To ensure more government control, the decree also stripped the ministers of defense and interior, and leaders of the counterterrorism, intelligence and national security authorities, and the PMU, from appointing, promoting or transferring commanders. This power is now held exclusively by Abdul Mahdi.

“The decree is theoretically positive as it will prevent local, regional and international parties from controlling the commanders,” said another military commander. 

“This means that Abdul Mahdi will be responsible to everyone inside and outside Iraq for the movement of these forces and their activities.

“The question now is whether Abdul Mahdi will actually be able to implement these instructions or will it be, like others, just ink on paper?”

The PMU is a government umbrella organization established by former Iraqi Prime Minister Nuri Al-Maliki in June 2014 to encompass the armed factions and volunteers who fought Daesh alongside the Iraqi government. Iranian-backed factions such as Badr Organization, Asaib Ahl Al-Haq and Kataib Hezbollah represent the backbone of the forces.

The US, one of Iraq’s most important allies in the region and the world, believes Iran is using its influence within the PMU to destabilize and threaten Iraq and the region. Abdul Mahdi is under huge external and internal pressure to abolish the PMU and demobilize its fighters, who do not report or answer to the Iraqi government.

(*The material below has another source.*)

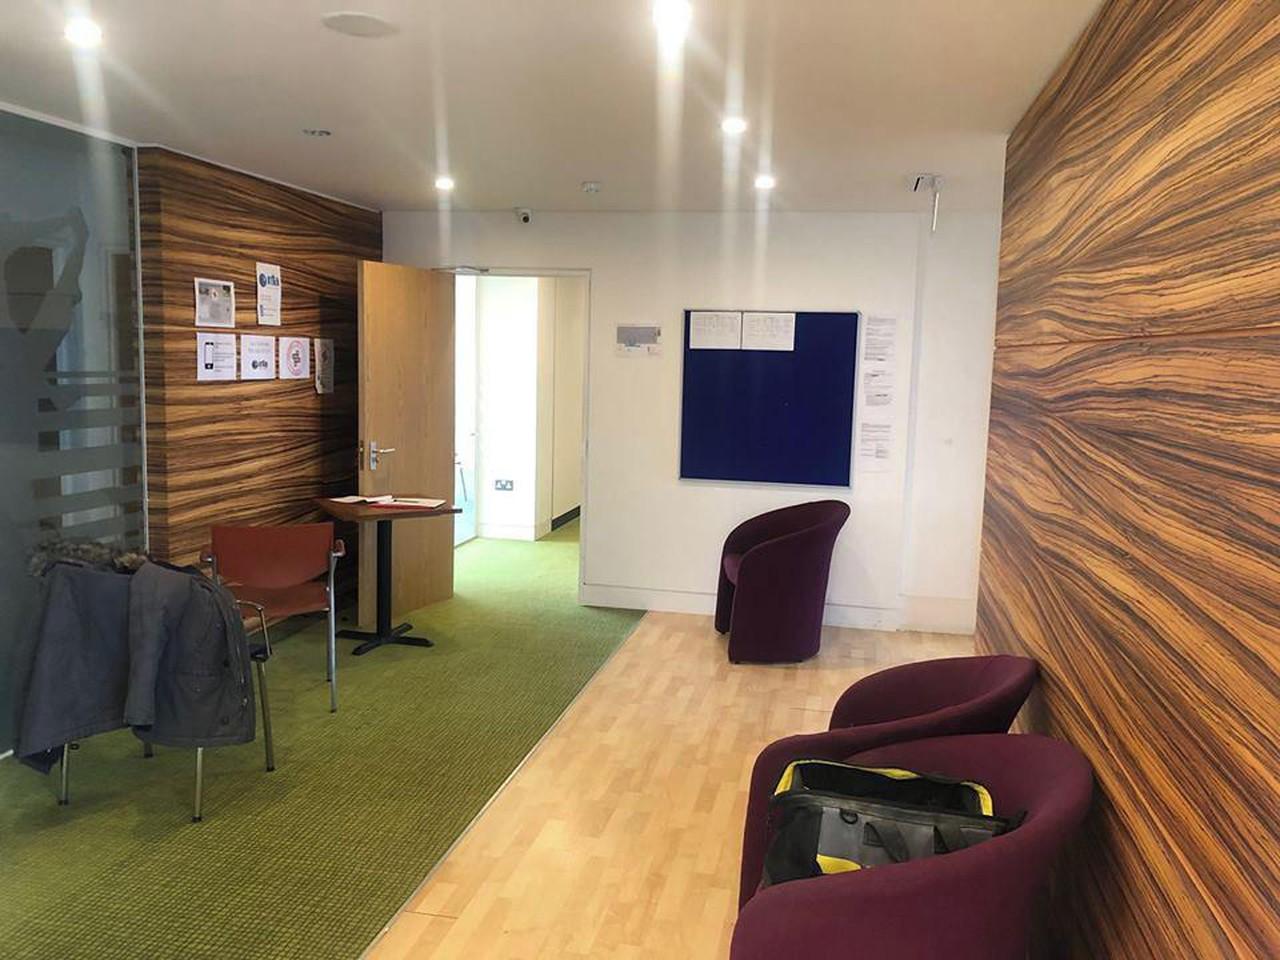 Londen training rooms Vergaderruimte meeting space image 0

The prime minister aims to ease tensions between the playmakers in Iraq, especially the US and Iran, by preventing their allies from clashing on the ground or striking against each other’s interests.

“Abdul Mahdi seeks to satisfy Washington and reassure them that the (armed) factions of the PMU will not move against the will of the Iraqi government,” said Abdullwahid Tuama, an Iraqi analyst.

The prime minister is attempting a tricky balancing act by aiming to protect the PMU, satisfy the Iranians and prove to the Americans that no one is outside the authority of the state, he added.